§ DIRECTIONS FOR THIS TASK: Below are records with pictures in them. Output exactly the lines from the one with "Glamorous Make Your" through the one with "Glow Ring in champagne color.", both included, and leave every picture out; give only those lines.

§ SUPPLIED MATERIAL:

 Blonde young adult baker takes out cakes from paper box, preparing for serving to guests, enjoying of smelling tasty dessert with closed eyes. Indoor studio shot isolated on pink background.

* * *

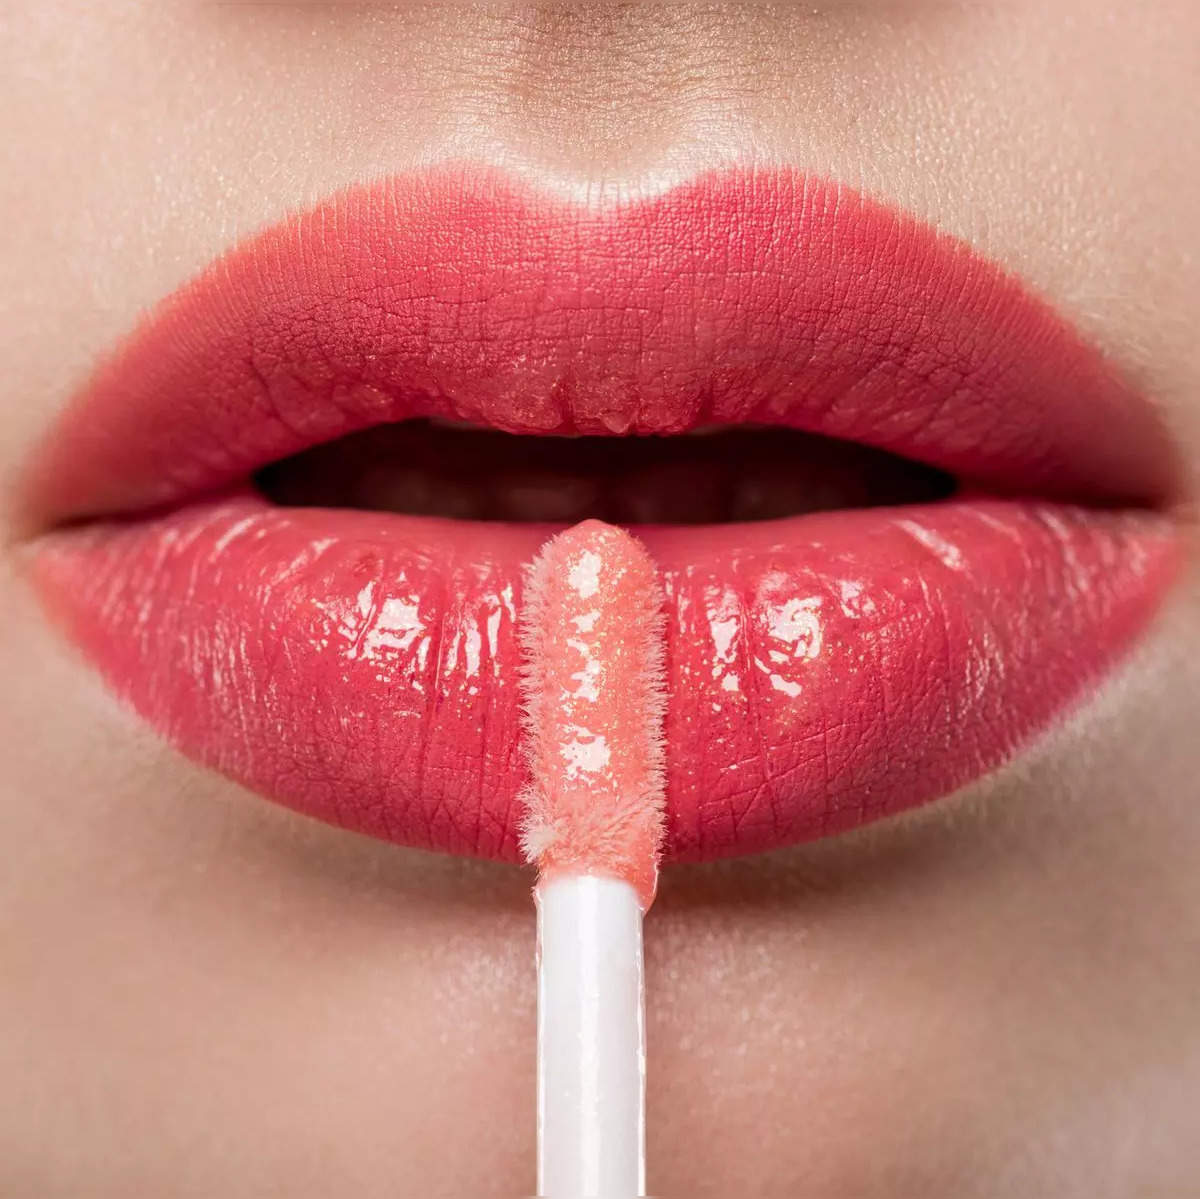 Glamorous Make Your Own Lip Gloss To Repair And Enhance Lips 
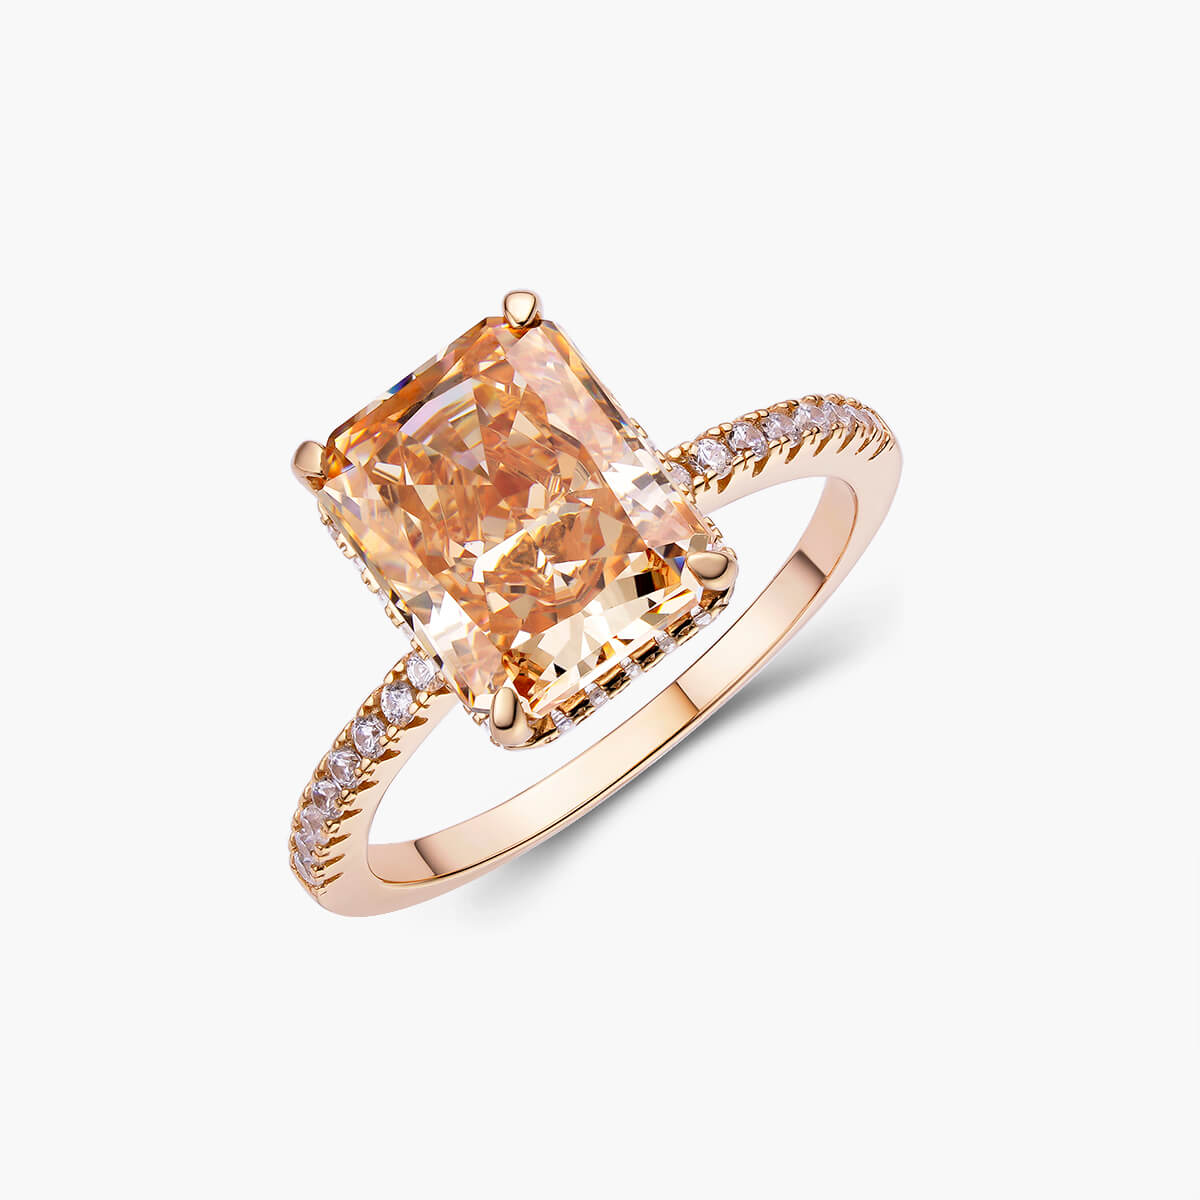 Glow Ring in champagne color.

==

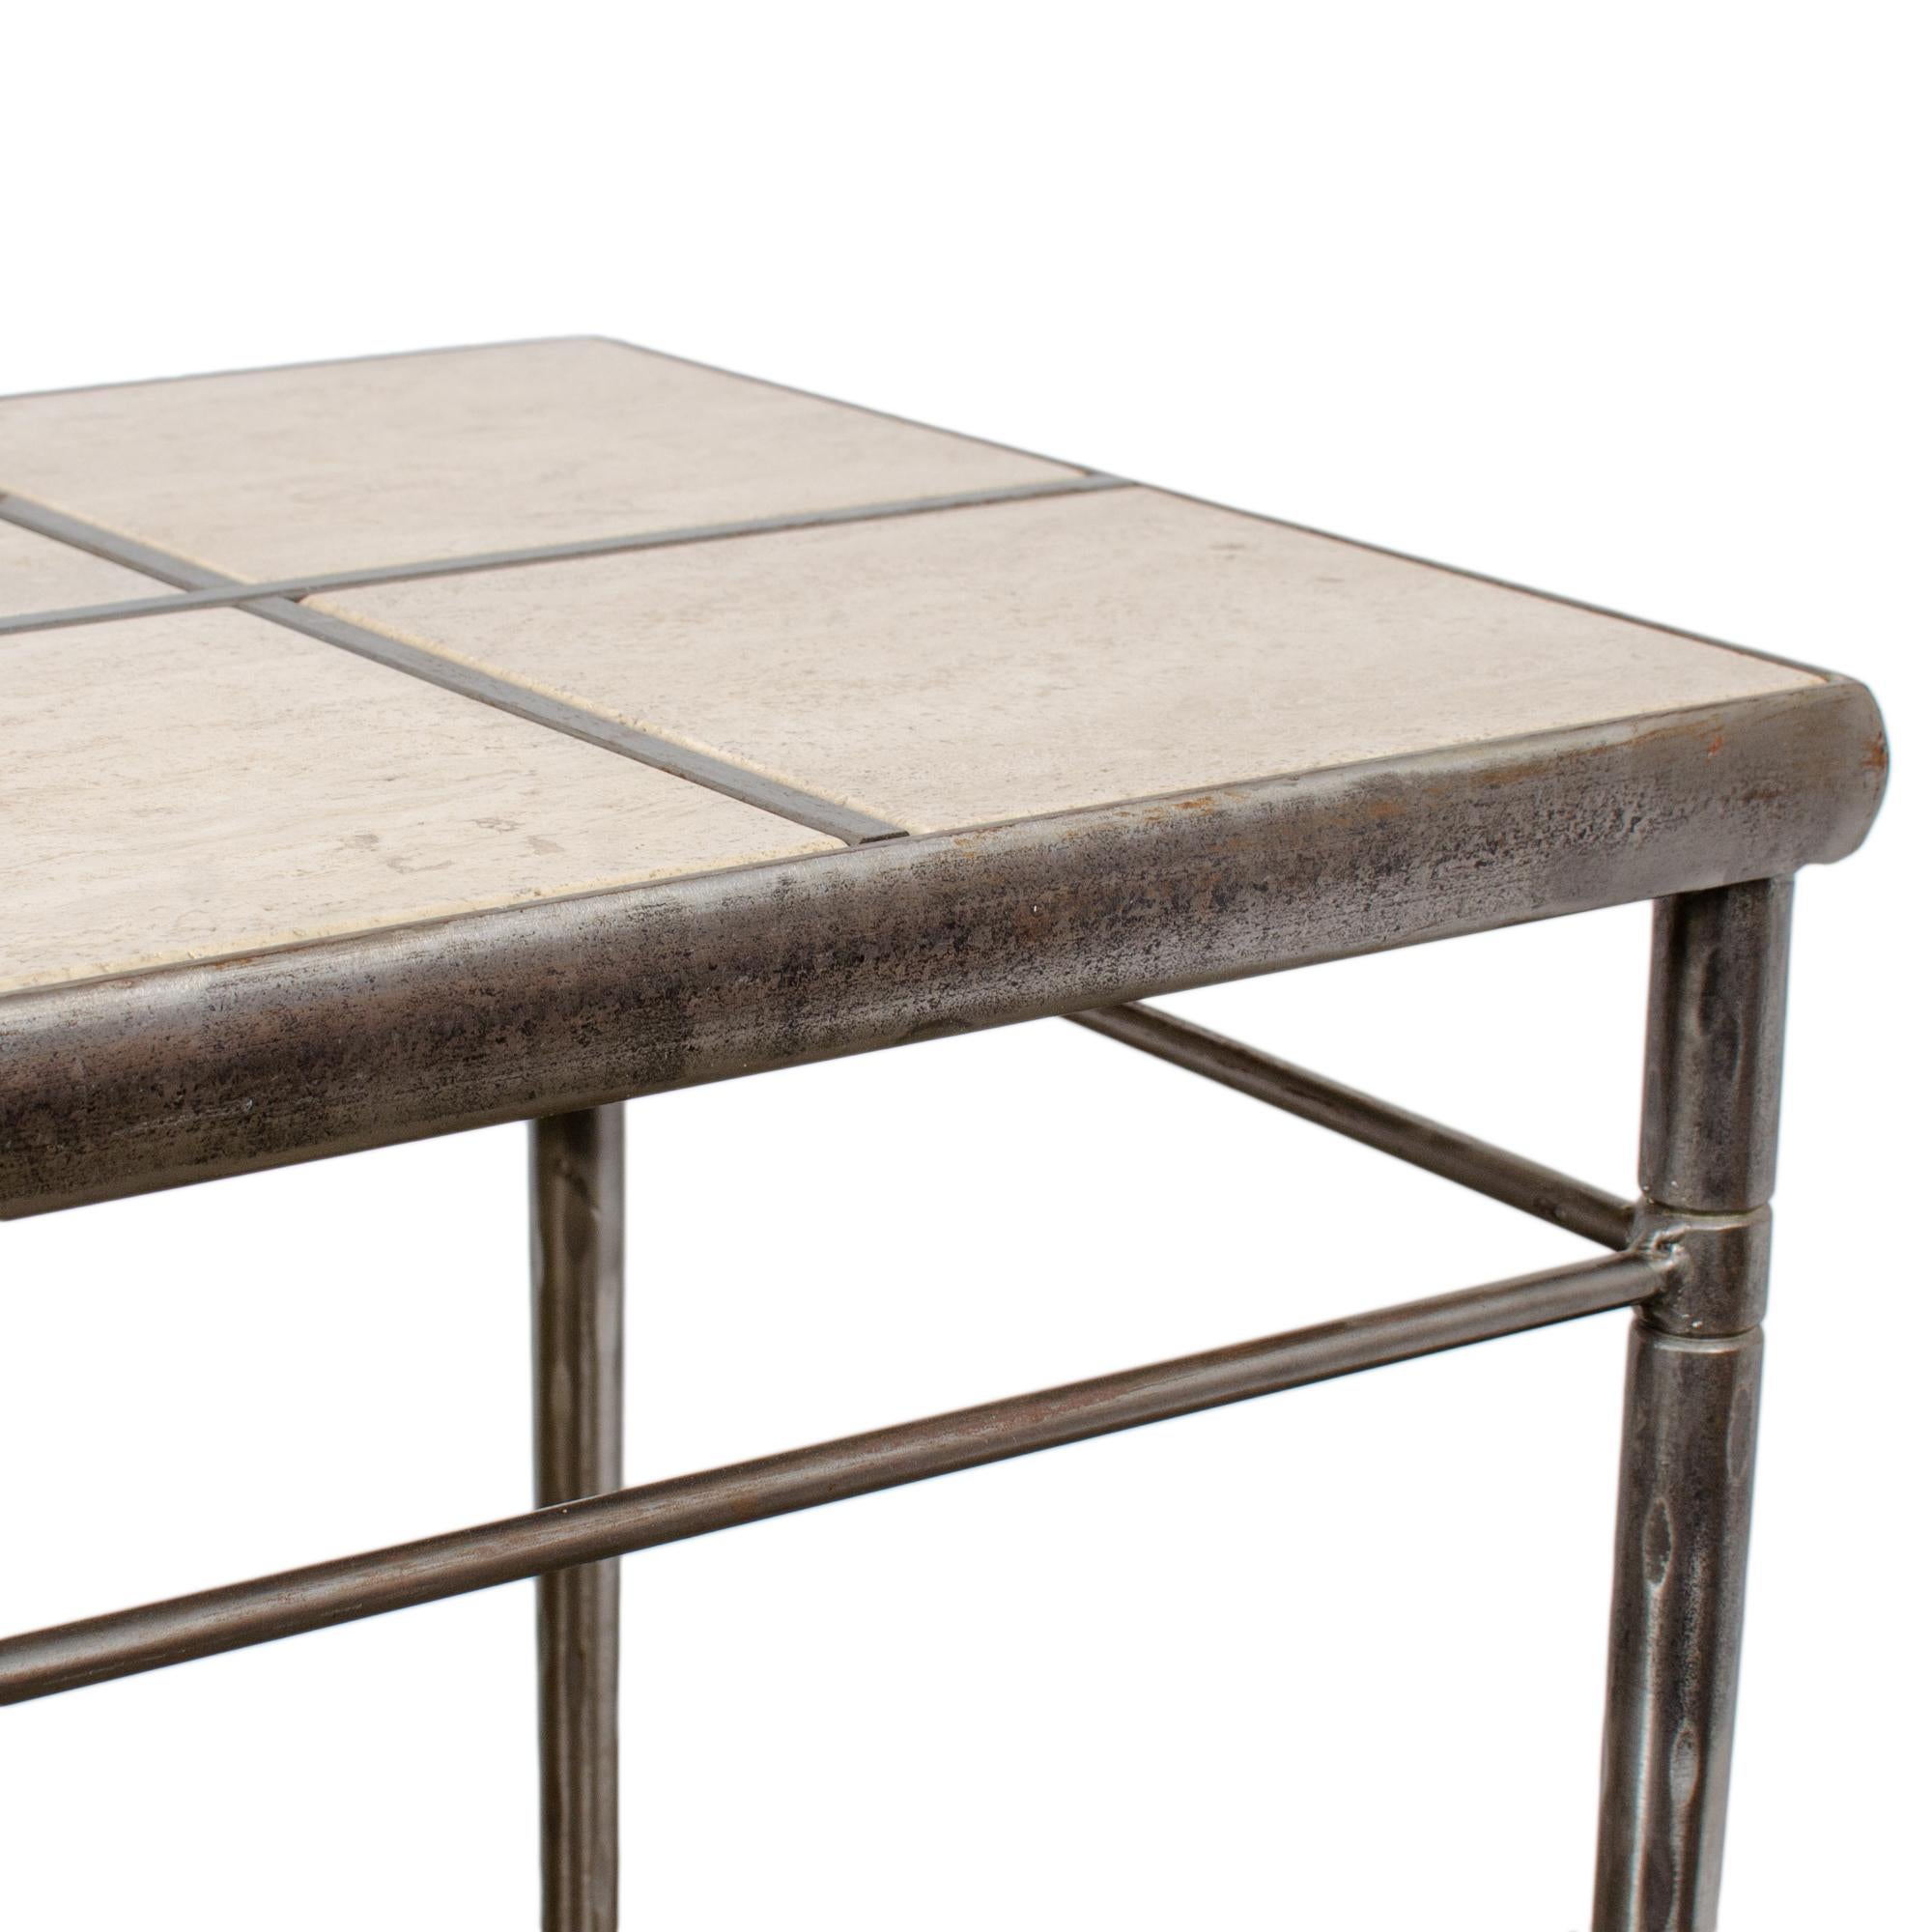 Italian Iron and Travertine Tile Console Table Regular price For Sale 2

§ EXPECTED ANSWER:
 Glamorous Make Your Own Lip Gloss To Repair And Enhance Lips 
 Glow Ring in champagne color.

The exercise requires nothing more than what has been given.